Particularly when they can’t trust the local authorities to provide substantive protection
I remember hearing radio dispensationalists in the 70's calling the Common Market (which became the EU) the Beast of the Apocalypse, and they were right!
:) To be fair, I think there was a time in the 70's with the Common Market had 10 members.
Too bad they can't get Jack Chick. He's otherwise engaged.
Chick's little comic books were comedy gold.
There is no future in Western Europe. None. It is foolish to pretend that there is. If you're any kind of traditionalist of Caucasian descent, your best hope at this point is that Putin really does decide to roll across the continent.
There is not hope here in Maryland as well….the Archdiocese has just announced the closing of 61 parishes to make 21. Bankruptcy with the sex scandals and dwindling attendance. We are truly shrinking as believers in Christ.
Were they ever actual believers? We are nowhere close to the kind of mob pressure that Peter experienced to deny Christ.
That's correct. Peter experienced Christ and his miracles first hand and was still so afraid that he denied knowing Christ (3 times!). It's worrisome to think what most of us will do when facing real persecution. And sadly it's feasible "will do" is more appropriate than "would do".
It's easy to talk tough. Much, much harder to live up to that tough talk when the going gets rough for us, or our loved ones that can still be canceled.
Much of that is due to the fact that the old ethnic communities have moved out to the suburbs, or farther away. When I moved to Baltimore in 2008 there were half a dozen Catholic churches just blocks away from each other on the near east side. I googled this on seeing your comment and I am rather saddened to see that St Vincent de Paul, right by downtown, is going to close. It is one of the older, historical churches, something of a landmark with its federal style architecture, and even when I lived there it was famous (and sometimes infamous) for its charitable work among the homeless.
I read that this morning. Ethnic Baltimore is virtually all gone. Catholic Germans, Poles, Lithuanians, Italians and Irish. Baltimore peaked at 900,000 in 1950. But the ethnics moved out to Baltimore County and northern Anne Arundel in the 50s, 60s and 70s. They pushed further out to Carroll, Howard and Harford Counties in the 80s and 90s. I can't see why the city needs more than the Basilica for symbolic purposes. Baltimore's population today are non-Catholic blacks as a majority with trendy, leftist whites who can't be bothered with religion as the chief minority.
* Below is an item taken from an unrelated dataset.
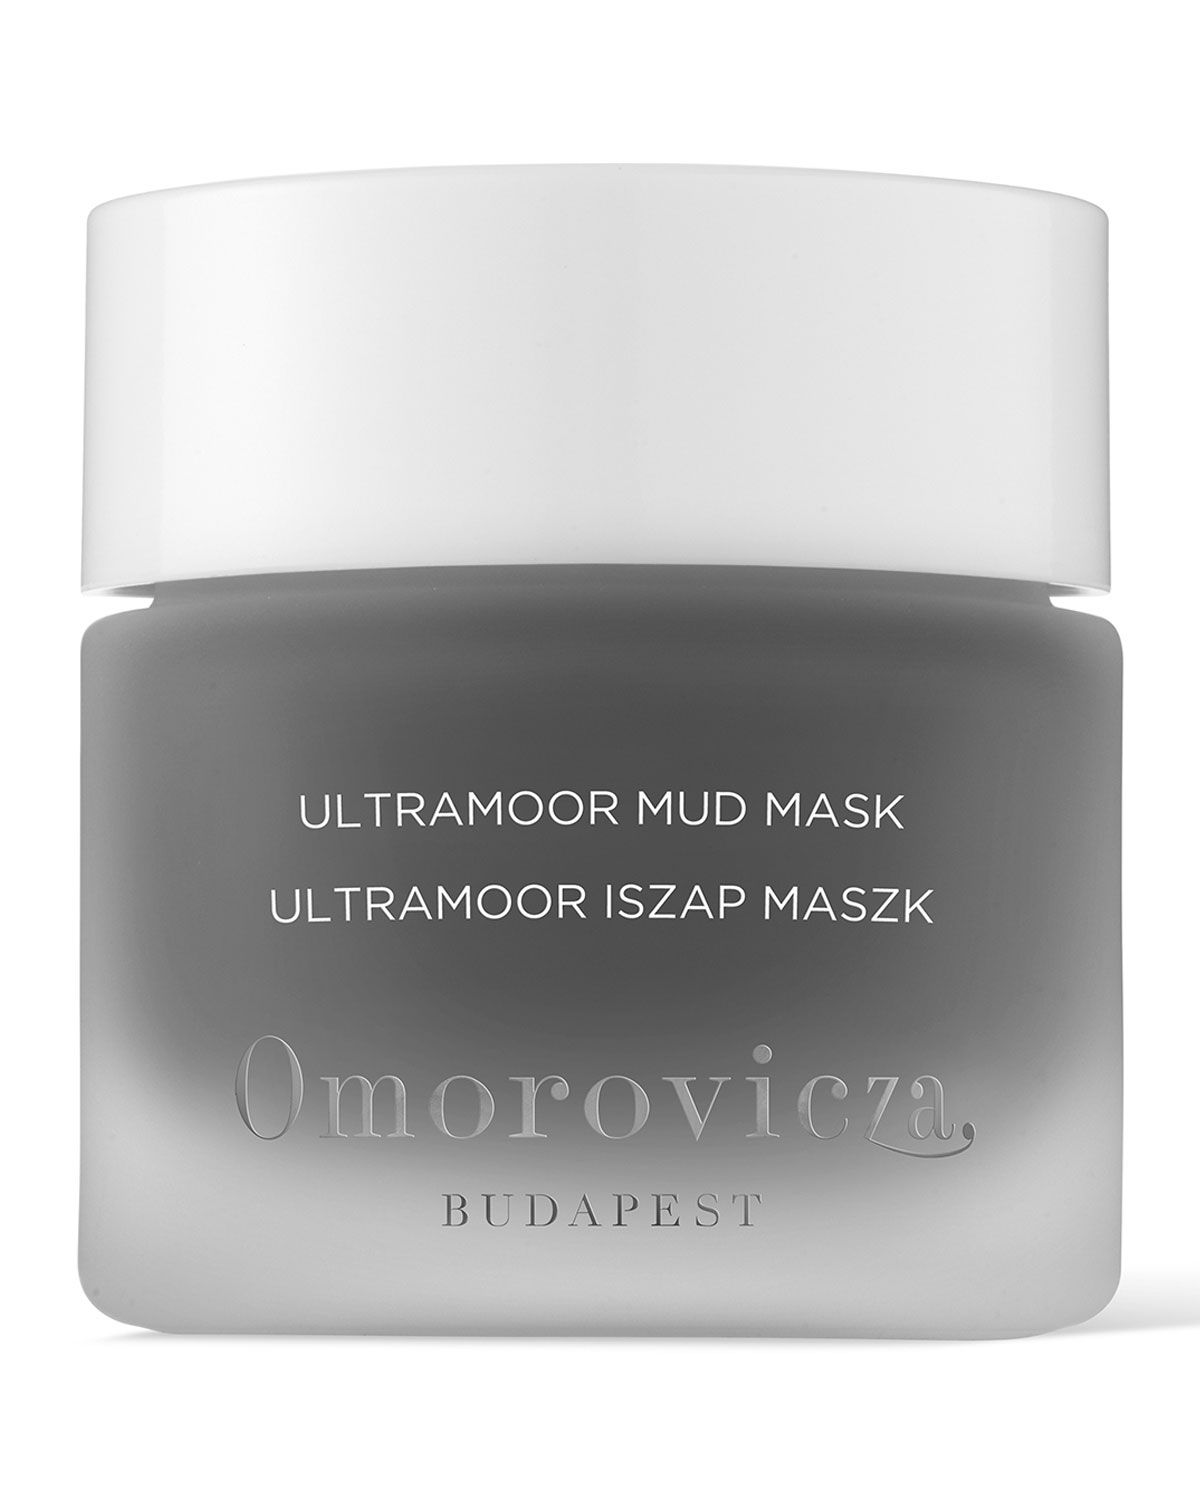 1.7 oz. Ultramoor Mud Mask | Neiman Marcus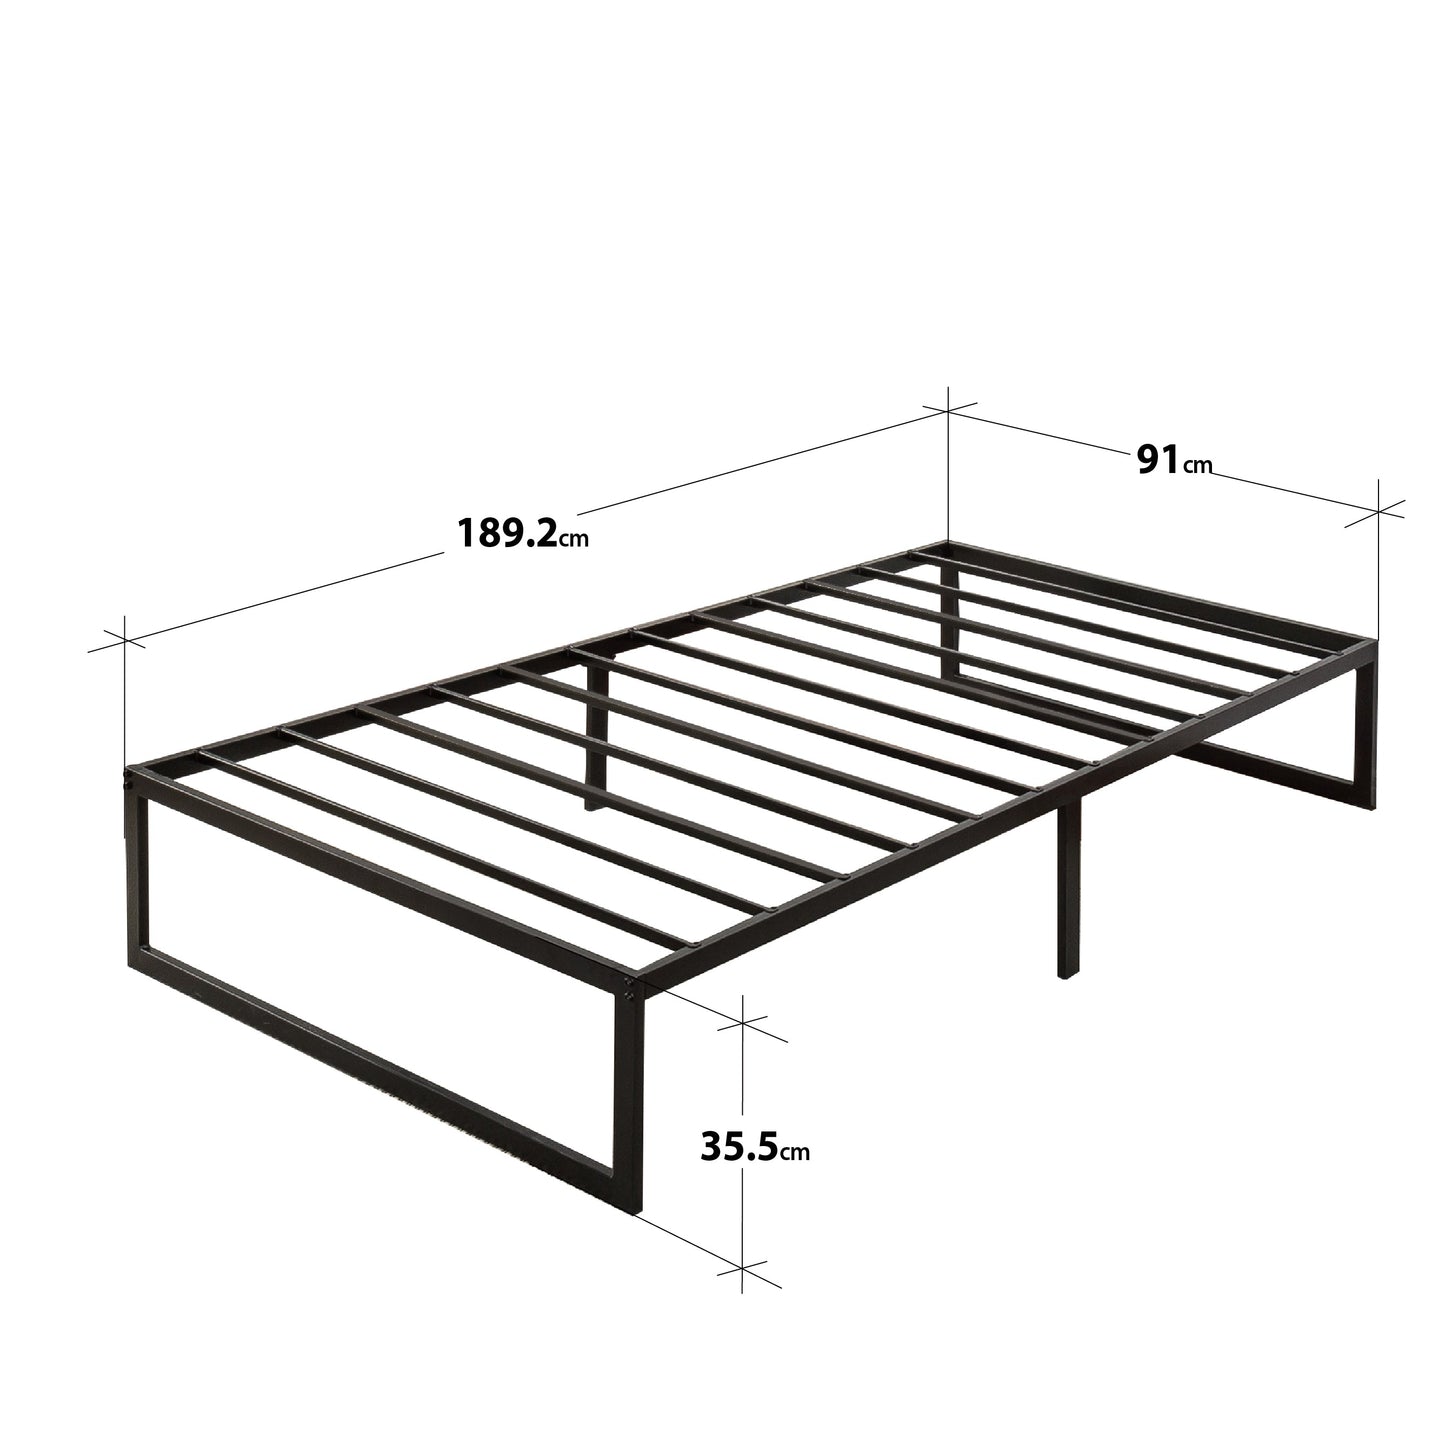 14" Quicklock Smart Platform Bed Frame

There's still some Italians in Little Italy and some Geeks in Greektown. There is even a small Lithuanian settlement not far from where I lived. But Little Italy is gentrifying as Harbor East becomes the New Downtown, and Greektown is slowly going Hispanic as that demographic spreads out from Highlandtown.
St. Casimir's in Canton is still a robust parish, according to friends who attend.
And how would he do that?
And why would he want to?
Hold the next one in Hungary. (But they would have to watch the border crossings carefully for a while.)
Remember all the proggie commenters on your AmCon blog who after the Summer of Floyd were saying that Antifa was basically a small, uninfluential group of left-wing cosplayers who really had no power to affect anything and that the Right was overreacting to them?
As I recall, "What Antifa?" as Portland was racked night after night after night.
I actually do have a question about these Belgian radicals: Is it the case of Rod (and others) calling them "Antifa" because of similar ranting and tactics to the American far leftists, or have they adopted the name themselves?
European Antifa were the originals, going back decades. The American ones learned their tactics from them. I have no doubt these most recent troublemakers are Antifa.
Thanks for the info
Molly Hemingway did a great deep-dive into the roots of Antifa a few years ago. Should be easy to find.
Iirc there were also administration talkers who mocked the whole idea that it really exists as an organization. Just a general anti-fascist sentiment. I think Biden himself may have said it.
Better go to Antwerp, which has a right-wing mayor.